Using Go strings in R
So far we’ve only looked at passing int
back and forth between
R ang go. double
would be simple to tackle so I probably won’t do
a dedicated post about it.
Before we look into how we can use interoperate between R vectors and
go slices, we need to look into strings. Go has the string
type built in the
language and the strings package
to manipulate UTF-8 encoded strings, further explained
in this blog post.
Go’s support for unicode is great and could easily be enough motivation to consider learning the language.
I’ve setup the rstats-go/_playground_string
repository to play with strings. It contains an R package gostring
based on the structure I’ve used for
this post.
As previously, I’ve organized the GOPATH so that it contains:
- The
rstring
package that contains only go code, e.g. using thestring
type.
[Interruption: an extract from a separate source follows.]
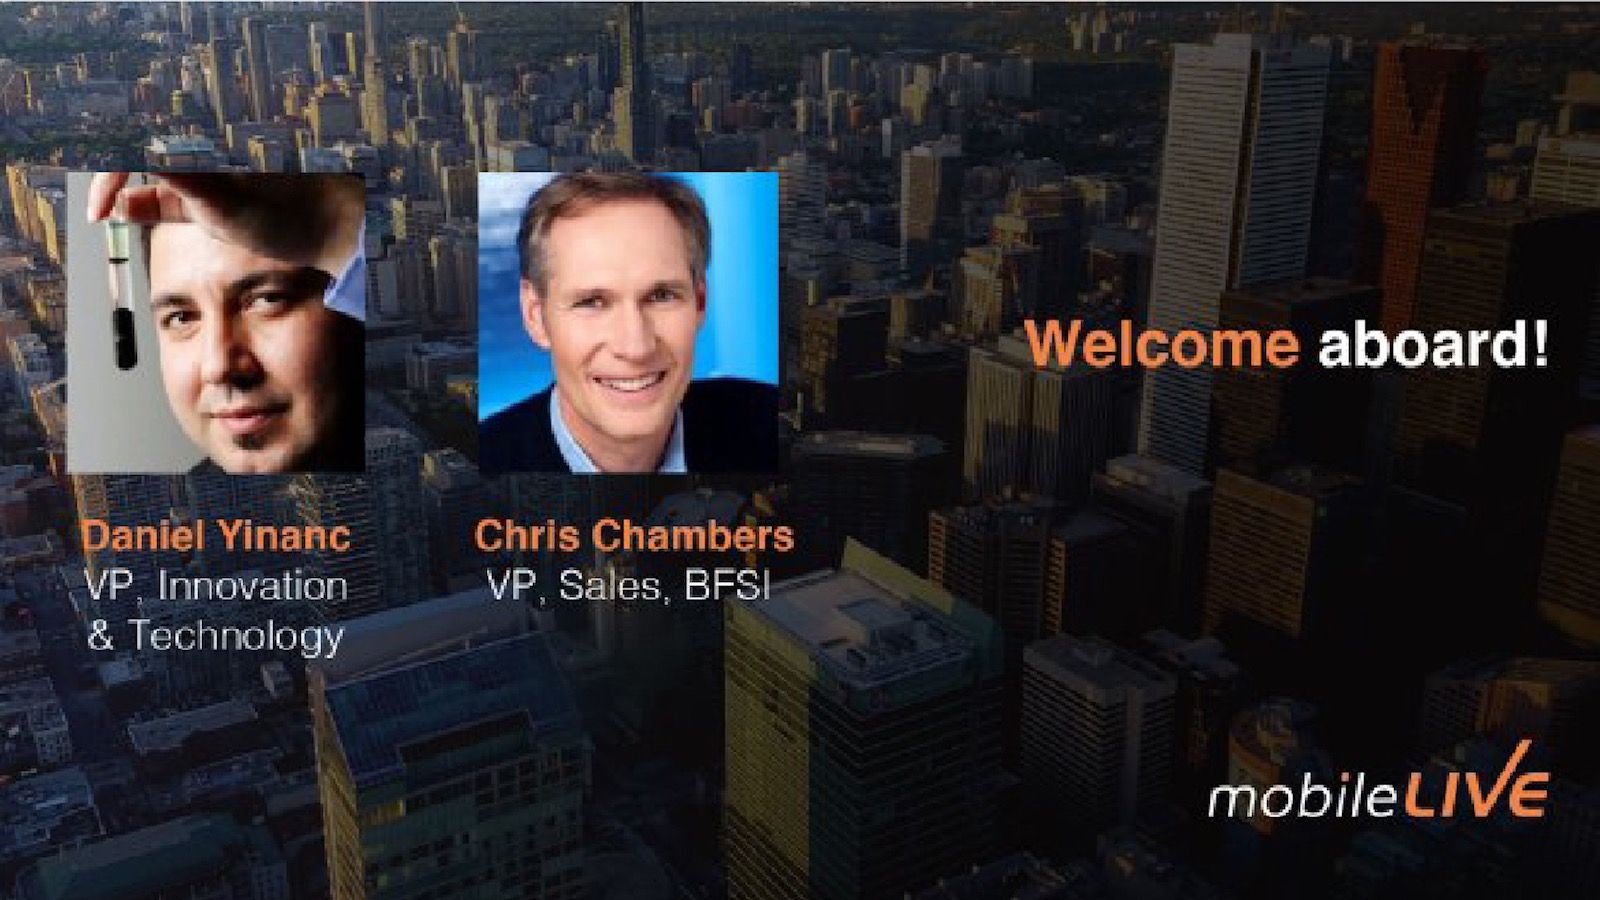 Two new VPs being welcomed to mobileLIVE
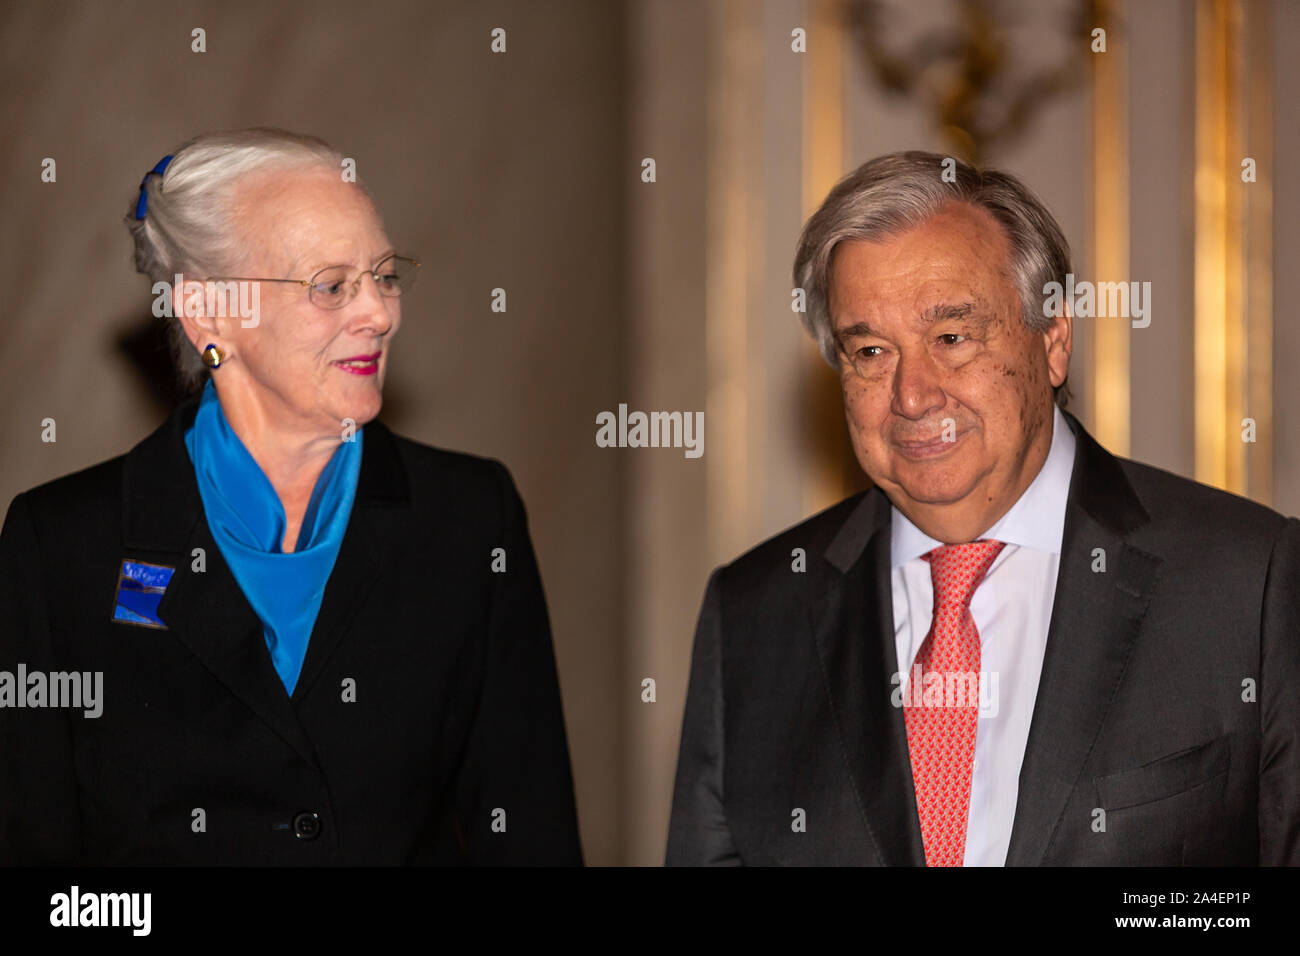 COPENHAGEN, DENMARK -  OCTOBER 10, 2019: Queen Margrethe of Denmark receives António Guterres, Secretary-General of the United Nations, at Amalienborg Palace on the occasion of the C40 World Mayors Summit. Guterres participated this Thursday at a press conference at the Summit and later with the Danish Prime Minister Mette Frederiksen and today he held a speech to the worlds mayors together with the Prime Minister. (Photo by Ole Jensen/Getty Images) Stock Photo

It has two functions:Foobar
that always return the same string, andNbytes
that takes astring
and returns the number of bytes it is made of. - The
main
package that contains a mix of go an C code, using cgo and the C R API. Eventually, all of that will be generated somehow.
Convert a go string to an R string
Foobar
is a simple go function that always return the same string.
func Foobar() string {
return "foo" + "bar" ;
}
The first thing we need is an exported go function in the main
package that calls
rstring.Foobar
.
//export Foobar
func Foobar() string {
return rstring.Foobar() ;
}
The //export
here is a special comment interpreted by cgo
to express
that we want to be able to call this function from C. Here is the relevant
information from the generated header file:
typedef long long GoInt64;
typedef GoInt64 GoInt;
typedef struct { const char *p; GoInt n; } GoString;
extern GoString Foobar();
So, we have a C function called Foobar
that returns a C struct GoString
from which we can get a pointer to the start of the string
and the number of char
.
This is not how we would typically pass a go string with cgo,
because the string we get is not null terminated. We would typically
return a null terminated copy of the string using the CString
function as explained on the go wiki.
We don’t want to do that because CString
allocates memory
using malloc
and it becomes our responsability to free that memory, and also
because our end game here is to make it an R string, i.e. using the
global string cache of R.
Instead of that, we can use the mkCharLenCE
function
from the R api.
/* mkCharCE - make a character (CHARSXP) variable and set its
encoding bit. If a CHARSXP with the same string already exists in
the global CHARSXP cache, R_StringHash, it is returned. Otherwise,
a new CHARSXP is created, added to the cache and then returned. */
SEXP mkCharLenCE(const char *name, int len, cetype_t enc)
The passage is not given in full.